Nick Stein read Gertrude’s playful poem “A Wife Has a Cow: A Love Story.” Its repetitions and unusual phrasing drew smiles and puzzled looks, but he explained that it reflected her search for new ways to express intimacy and emotion.
Her literary fame grew with the Random House release of The Autobiography of Alice B. Toklas. Publisher Bennett Cerf arranged a seven-month American lecture tour that introduced her to audiences eager to meet the woman who had championed modern art long before museums embraced it. “What is now considered great art was ignored when Gertrude was collecting,” observed Jocelyn Keene.
Wartime Years
The presentation then turned to the difficult years of World War II. After the Nazi occupation of Paris in 1940, Gertrude refused to leave France, but she and Alice moved to a village in southern France. As Jewish lesbians under the Vichy regime, they faced serious danger but were protected in part by Bernard Faÿ, a long-time friend with influence in the Vichy government who shielded them from deportation to the death camps.
Gertrude Stein died in Paris in 1946 at age 72 following surgery. Alice Toklas lived until 1967. They are buried side by side in Paris. After Alice’s death, many of their paintings were sold and eventually entered major museum and private collections.
Legacy
Today, Gertrude Stein’s influence endures. Her books remain widely studied and debated, her image has appeared on a U.S. postage stamp and coffee mugs, and a street in Paris bears her name.
Audience members were especially interested in the personal dramas behind the legend. “It’s extremely interesting to hear about the rivalries between artists; even Gertrude and Hemingway had a falling out,” observed Villager Holly Thiercof.
For Village members, the afternoon offered more than a history lesson.
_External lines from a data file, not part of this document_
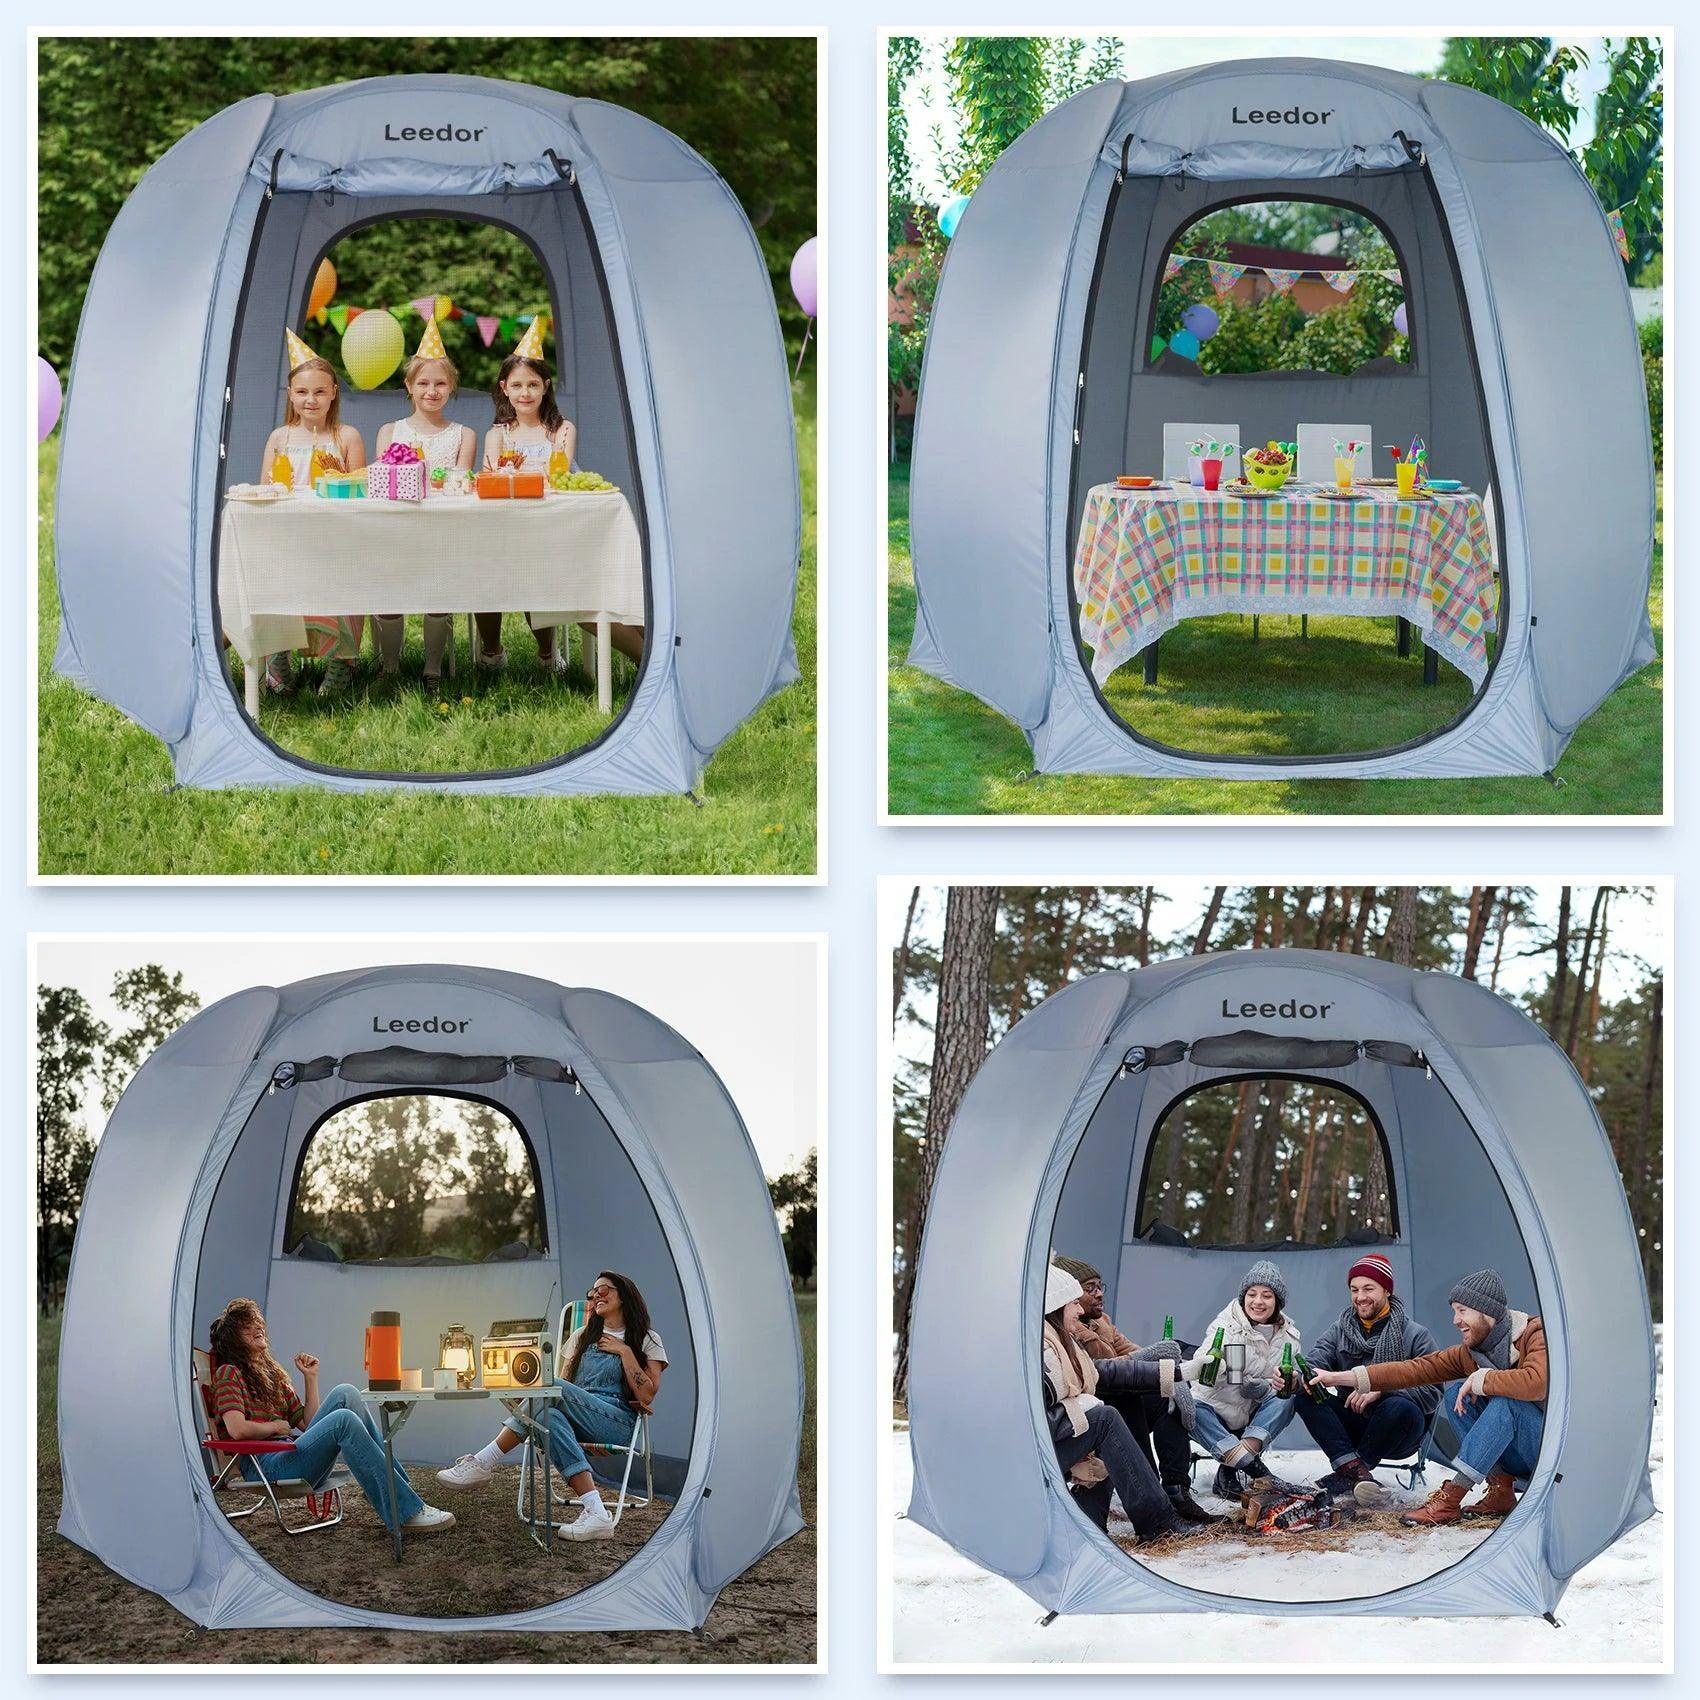 Versatile four-season tent suitable for all outdoor activities
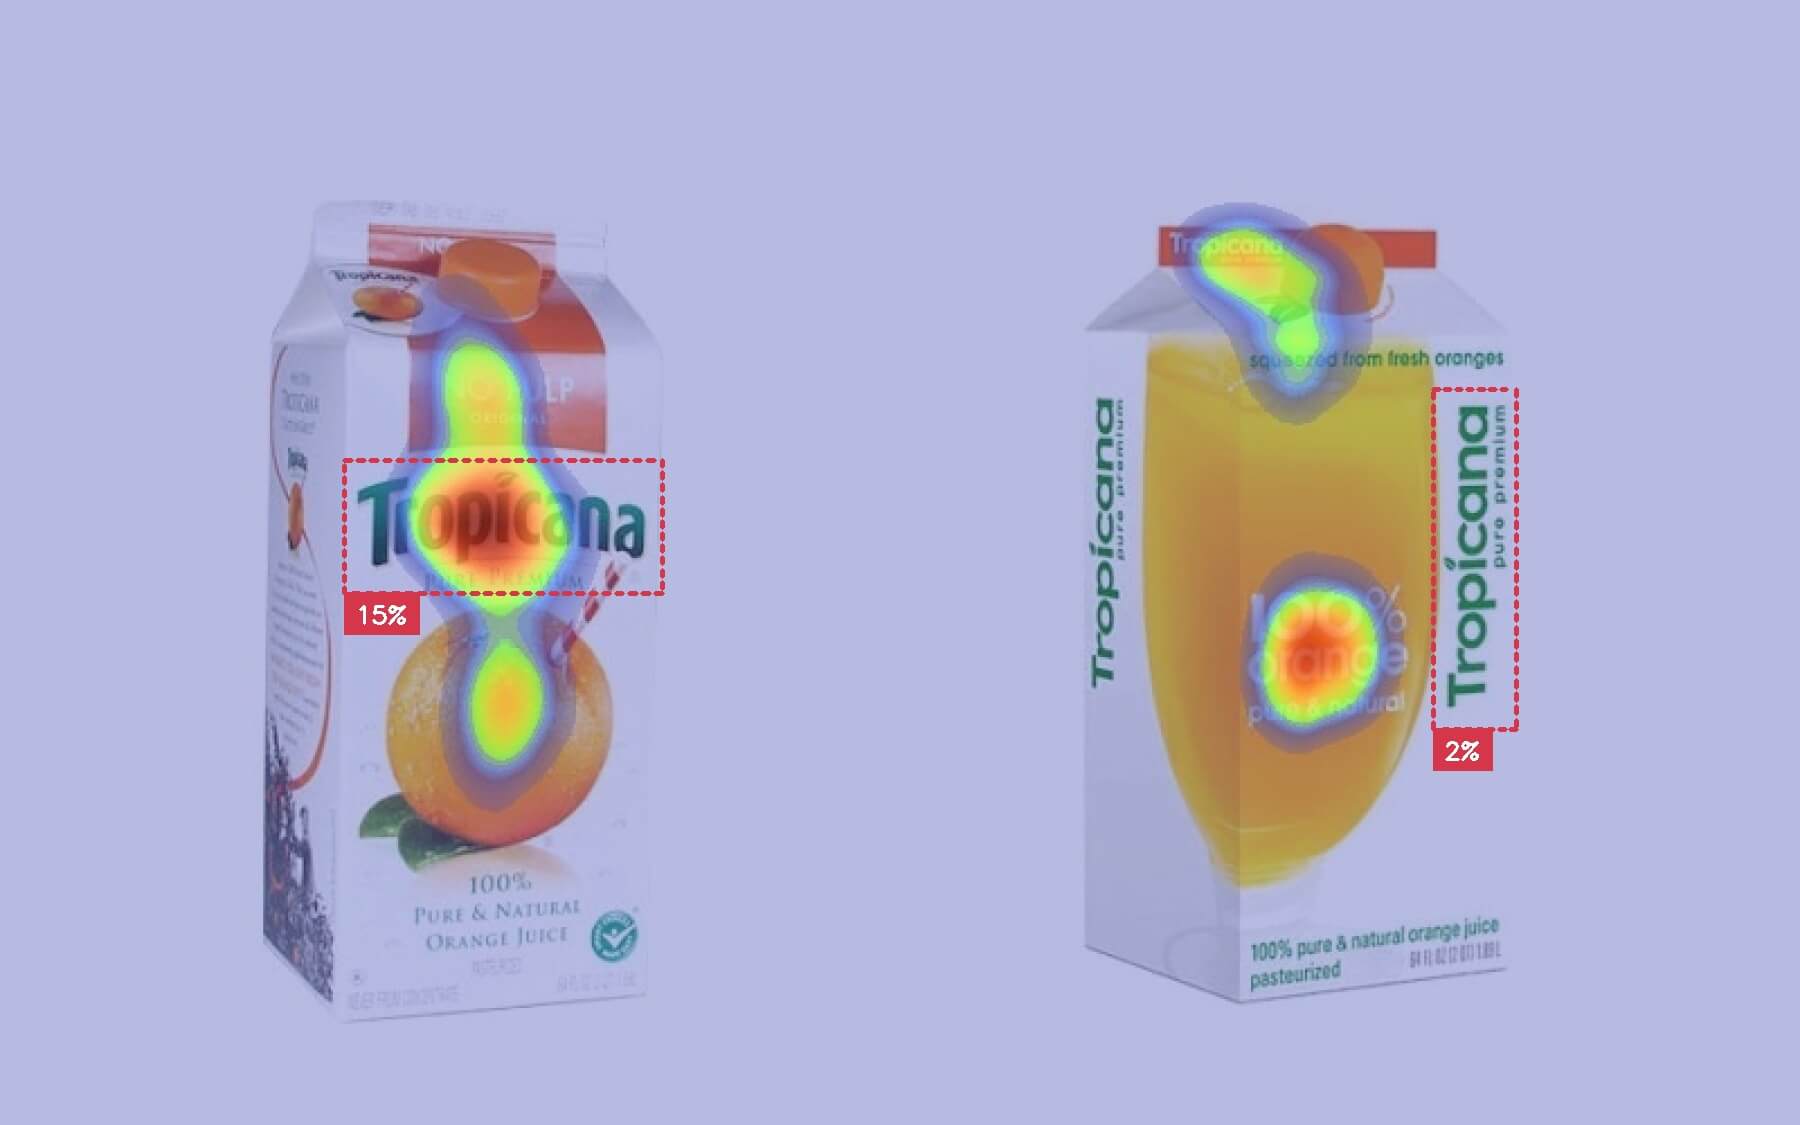 Tropicana packaging heatmaps
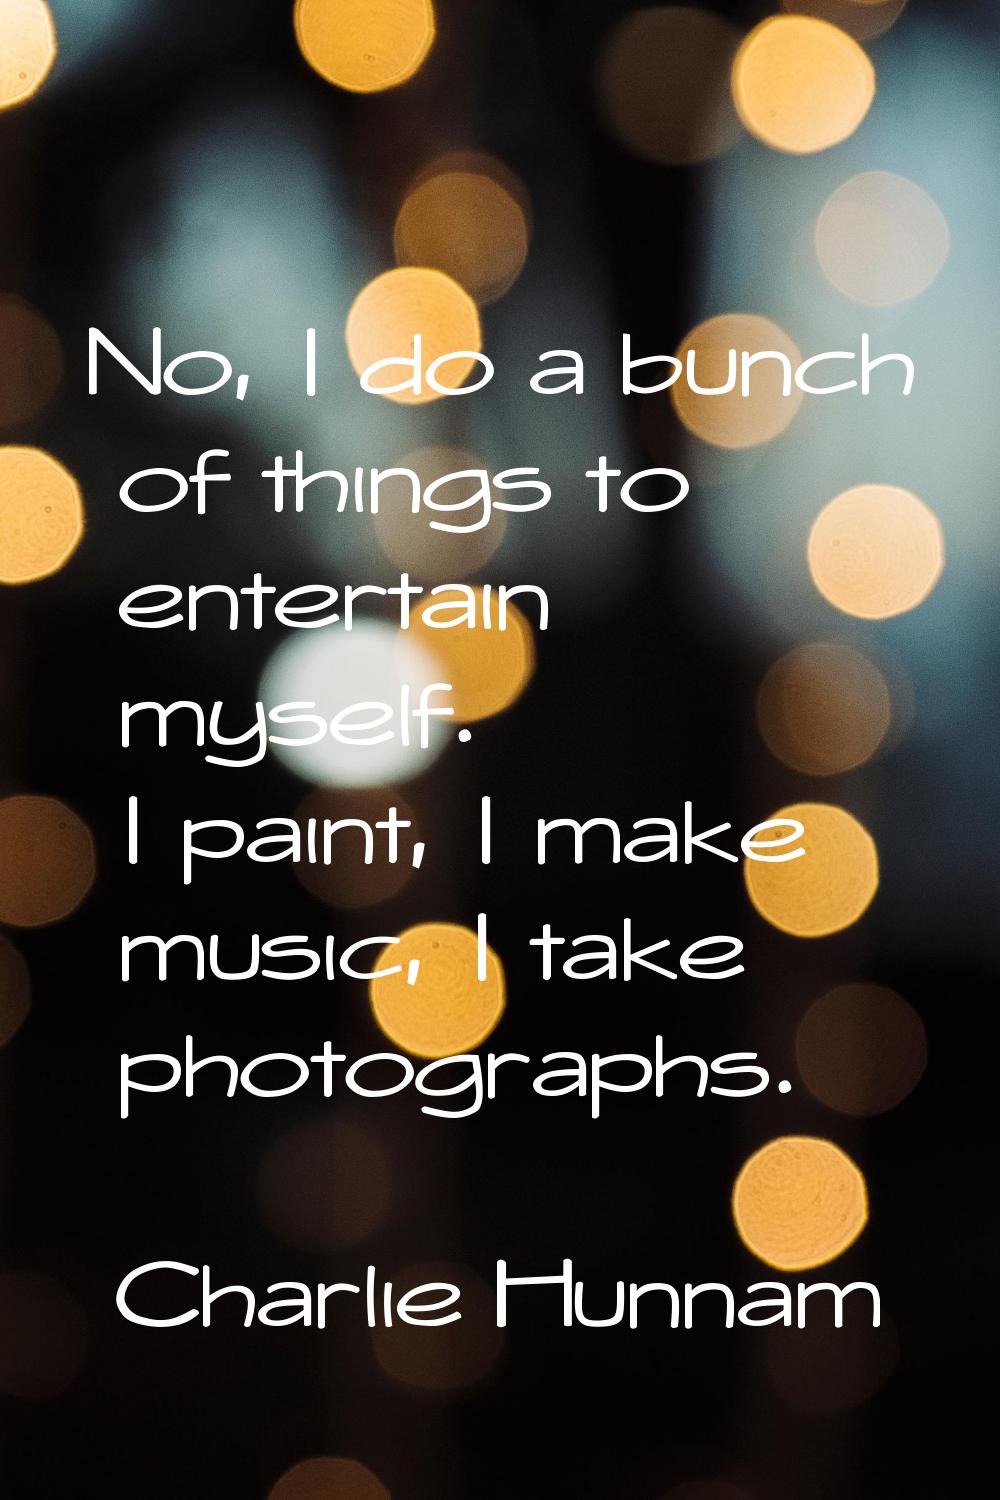 No, I do a bunch of things to entertain myself. I paint, I make music, I take photographs.

Nick Stein transformed a towering cultural figure into a recognizable family member—a witty, stubborn, loving, brilliant woman who helped shape modern literature and art while living amid friends, lovers, arguments, and ordinary routines. “Gertrude Stein was the queen of the art world in the 1920s,” said Ed Mervine.
By the end of the presentation, attendees seemed to share Nick Stein’s goal: Gertrude Stein emerged not simply as an avant-garde writer, collector, or muse, but as a fully realized person—funny, formidable, occasionally exasperating, and, as her cousin promised, impossible to forget. Stein moved beyond the mythology surrounding his relative to portray a woman shaped by loss, intellect, ambition, and unconventional love.